By David Ammons, The Associated Press
OLYMPIA — Gov. Chris Gregoire on Monday proposed “sobriety checkpoints” in selected high-accident areas as part of the state’s continuing clampdown on drunken driving.
The proposal drew immediate support from law enforcement and citizen activists, but civil libertarians vowed a battle in the Legislature and in the courts.
The American Civil Liberties Union said the plan would violate the state’s strong protections against “suspicionless” searches.
Spokesman Doug Honig said the state Supreme Court threw out Seattle’s checkpoints near 20 years ago and that the ban on DUI roadblocks is long-settled.
Gregoire spokesman Aaron Toso said the plan wouldn’t violate the court’s ruling.
“The ban is against searches without the authority of law. This proposal provides legal authority if the warrant is issued by a Superior Court judge to conduct these checks,” he said.
The governor’s plan will be sponsored by the House Judiciary Committee chairwoman, Rep. Pat Lantz, D-Gig Harbor, a lawyer.
The Senate judiciary chairman, Adam Kline, D-Seattle, has long worked on drunken driving legislation.
The proposal would require law enforcement to get a warrant from the local Superior Court after giving the judge a plan for a specific location and time period. The checkpoints would be in areas that are known for frequent alcohol and drug-related collisions.
The proposed legislation would require the judge to approve the warrant if the plan “advances the jurisdiction’s interest in reducing impaired driving, taking into account potential arrests under the program and the program’s deterrent effect.”
The measure says checkpoints should “minimize intrusions into the privacy rights of drivers and vehicle occupants.”
The bill says all vehicles except for emergency vehicles would have to stop at each checkpoint. A person who failed to stop could be prosecuted for a gross misdemeanor. That could carry a maximum penalty of a year in jail and $5,000 fine.
The plan calls for advance notice to the public and a report back to the court on how the checkpoint project worked.
“Sobriety checkpoints will be an important tool for law enforcement to catch drunk drivers and will help keep families safer when they are on the road,” Gregoire said in comments released by her office.
“Let’s hope these checkpoints will keep would-be drunk drivers from even getting behind the wheel and take those who make the bad decision to drink and drive off the road.”
Gregoire announced her proposal at Meadowdale High School in Lynnwood, north of Seattle. She was joined by State Patrol Chief John Batiste, Snohomish County Sheriff John Lovick and community leaders.
She planned a demonstration of how a checkpoint would work and met with Students Against Destructive Decisions.

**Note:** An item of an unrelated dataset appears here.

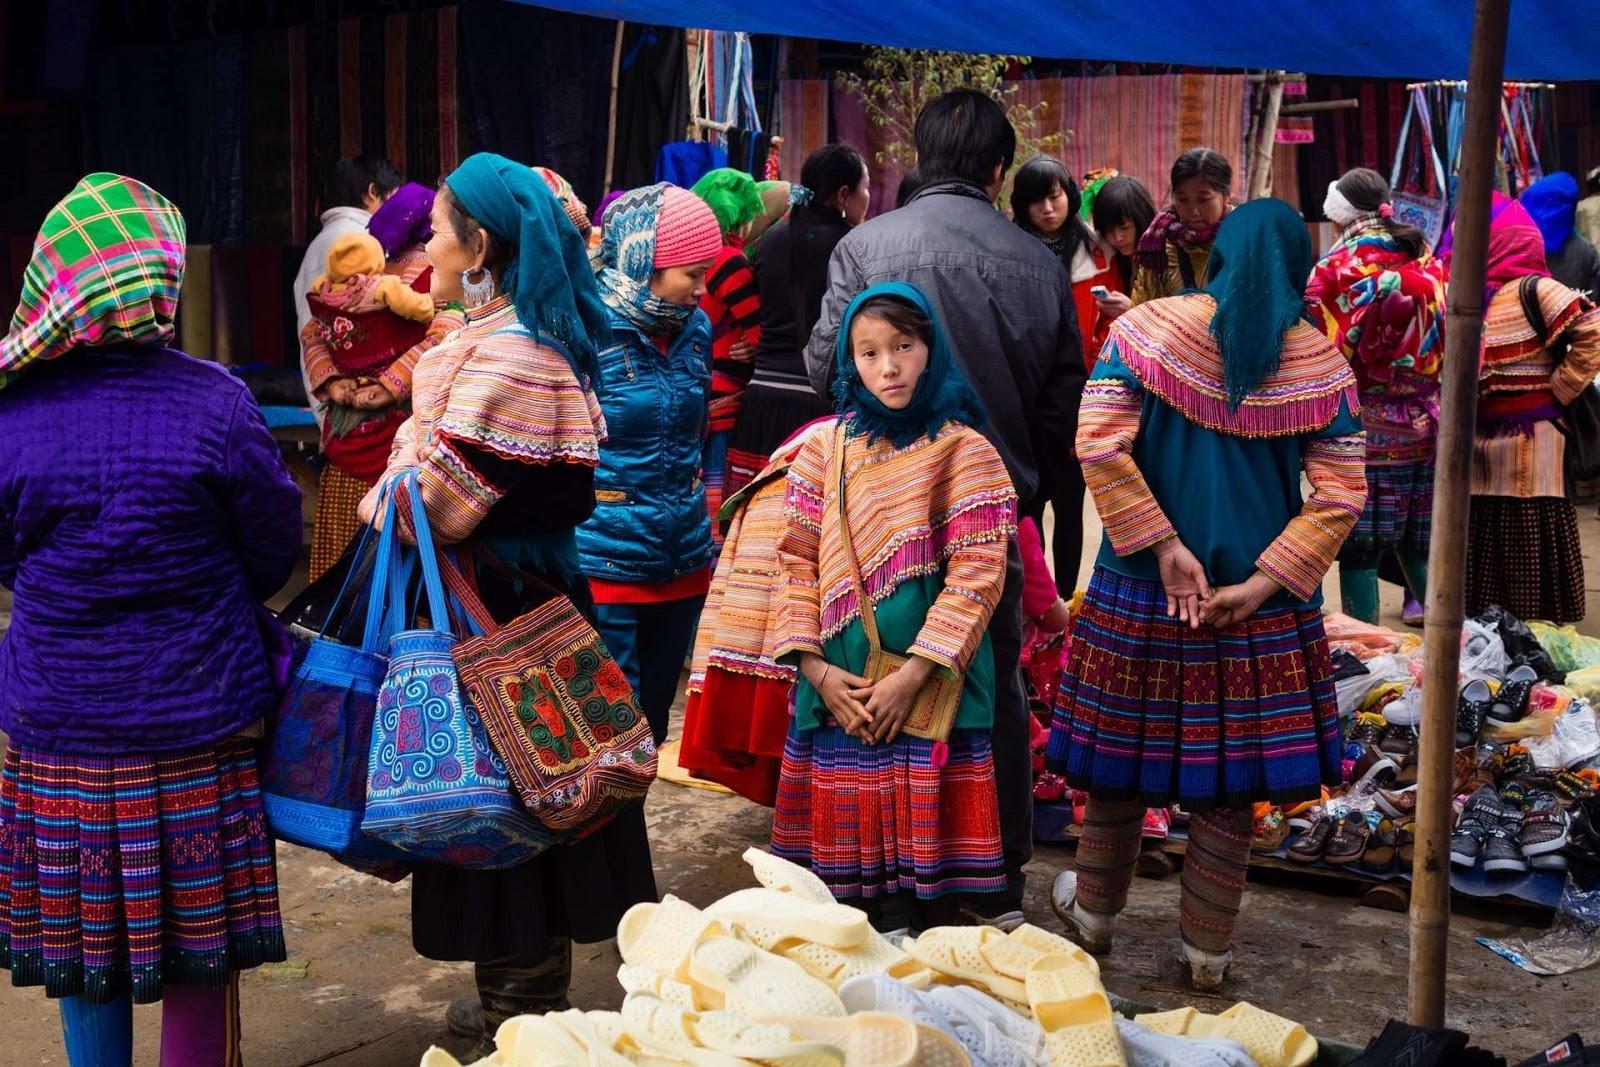 The romantic Sapa market

“If approved, this legislation will save lives by letting law enforcement operate sobriety checkpoints in the areas most likely to have impaired drivers,” Batiste said. “We will go where the impaired drivers go, with the goal of getting them off the road.”
Gregoire was joined by Lisa McCollum, whose mother-in-law, Jenny, died in a car crash caused by a drunken driver.
“I am a witness to the painfully permanent impact that drinking and driving can have on our families,” McCollum said, endorsing the governor’s plan.
Lantz, the House sponsor, said Washington is one of just 11 states that does not use sobriety checkpoints to catch drunken drivers.
“Law enforcement needs every tool available to prevent the tragedies these offenders cause,” she said.
But Honig said there are grave constitutional questions that Gregoire’s plan doesn’t satisfy.
A landmark opinion by the state high court in 1988 said the state constitution doesn’t permit motorists to be routinely stopped without suspicion or probable cause to believe the individual is doing something wrong.
The U.S. Supreme Court has approved checkpoints, such as the approach used in Michigan, but Washington has stronger privacy protections against suspicionless search-and-seizure, Honig said.
The state allows “emphasis patrols” where law enforcement concentrates manpower in high-accident areas and pulls over people when their vehicles are weaving or showing other obvious signs of the driver being impaired, he said.
“Certainly drunken driving is a serious concern and there are effective law enforcement programs for dealing with it that are legal,” he said in an interview. “We don’t have to interfere with individual rights. Privacy means the government doesn’t intrude on you and your private affairs.”
He said calling it an “administrative” checkpoint doesn’t change the fact that suspicionless searches are illegal and that any warrants authorizing DUI stops must follow the rules for all criminal search warrants.